Communiqué 
-  5 juin 2013

Autoroute 30 - Québec respecte son engagement

Québec - Le 15 mai dernier, un décret autorisant le transfert au gouvernement du Canada de l'usufruit de certaines terres afin qu'elles soient administrées en fiducie au profit de la réserve de Kahnawake a été adopté par le Conseil des ministres. Ce décret fait suite à un engagement pris par le gouvernement du Québec en 2008 dans le contexte de l'aménagement du dernier tronçon de l'autoroute 30.

Sous la responsabilité du ministère des Transports, les terres visées par le décret se trouvent dans l'emprise autoroutière entre la réserve de Kahnawake et l'autoroute 30 dans les municipalités de Sainte-Catherine, Saint-Constant et Saint-Isidore, à l'exception d'une portion longeant le chemin Saint-Bernard à Châteauguay et d'une parcelle près de la ville de Sainte-Catherine.

La superficie des terres transférée au gouvernement canadien au profit de la communauté est évaluée à 2,18 km² (539,3 acres).

Création d'un comité de conciliation

Le 31 mai dernier, le gouvernement annonçait la création d'un comité interministériel pour soutenir le développement économique dans le corridor de l'autoroute 30. Le mandat de ce comité est d'élaborer une vision stratégique pour mobiliser l'ensemble des acteurs pour des actions concertées et efficaces.

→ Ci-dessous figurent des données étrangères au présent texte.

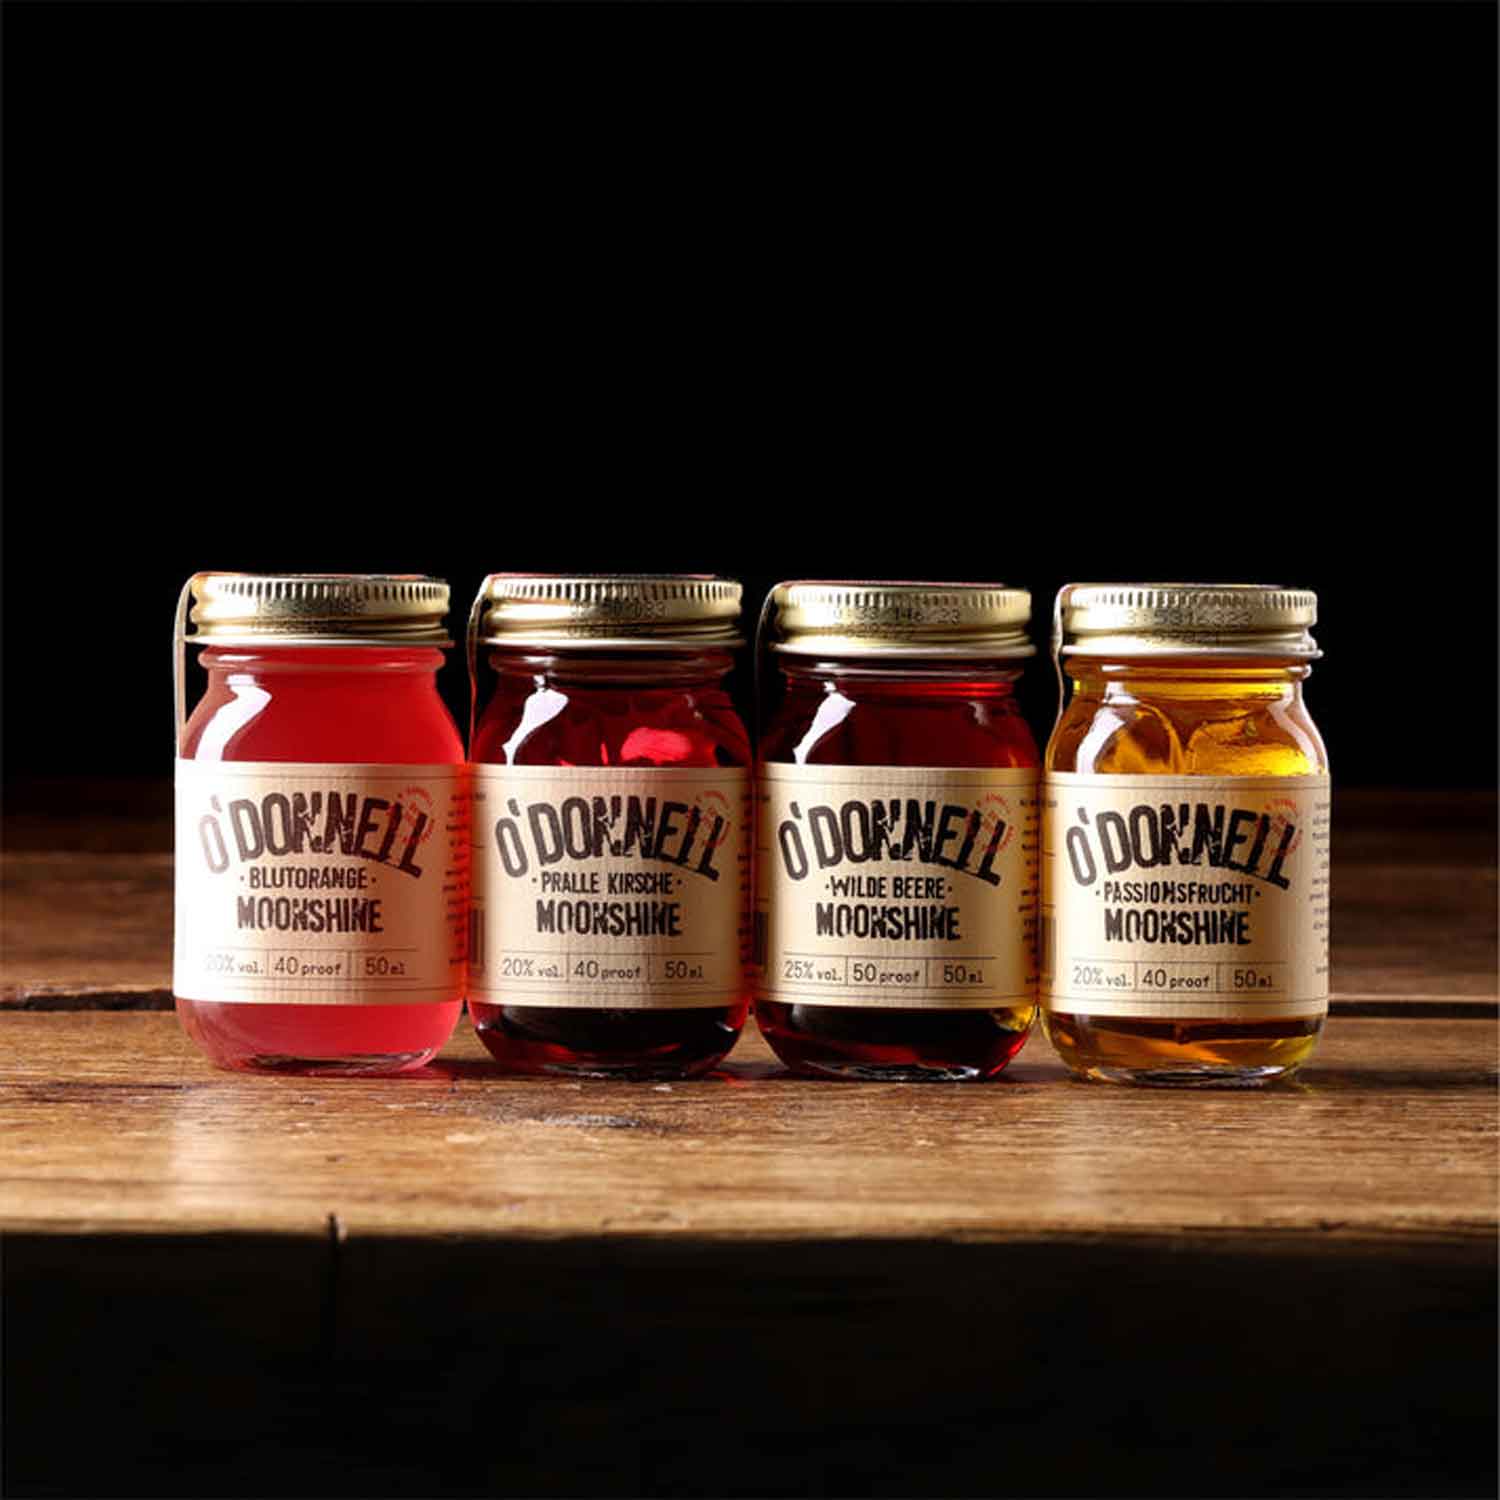 Liqueur Set Summer Minis Moonshine Jars (4x50ml)

Aujourd'hui, il dévoile également la mise en place d'un comité de conciliation, comme le réclamaient la MRC de Roussillon et les municipalités concernées. Ce comité, qui réunira le ministère des Transports, le ministère des Affaires municipales, des Régions et de l'Occupation du territoire, le ministère de la Sécurité publique et le Secrétariat aux affaires autochtones, permettra de déployer des mécanismes de coopération entre les parties et assurera un développement harmonieux de la région.

« Les municipalités nous ont fait part de leur désir de voir un tel comité être créé, et nous voulons leur garantir la pleine et entière collaboration du gouvernement. Le Comité de conciliation sera un lieu de rencontre, d'échange et d'évaluation des incidences sur toutes les communautés », a conclu le ministre Gaudreault.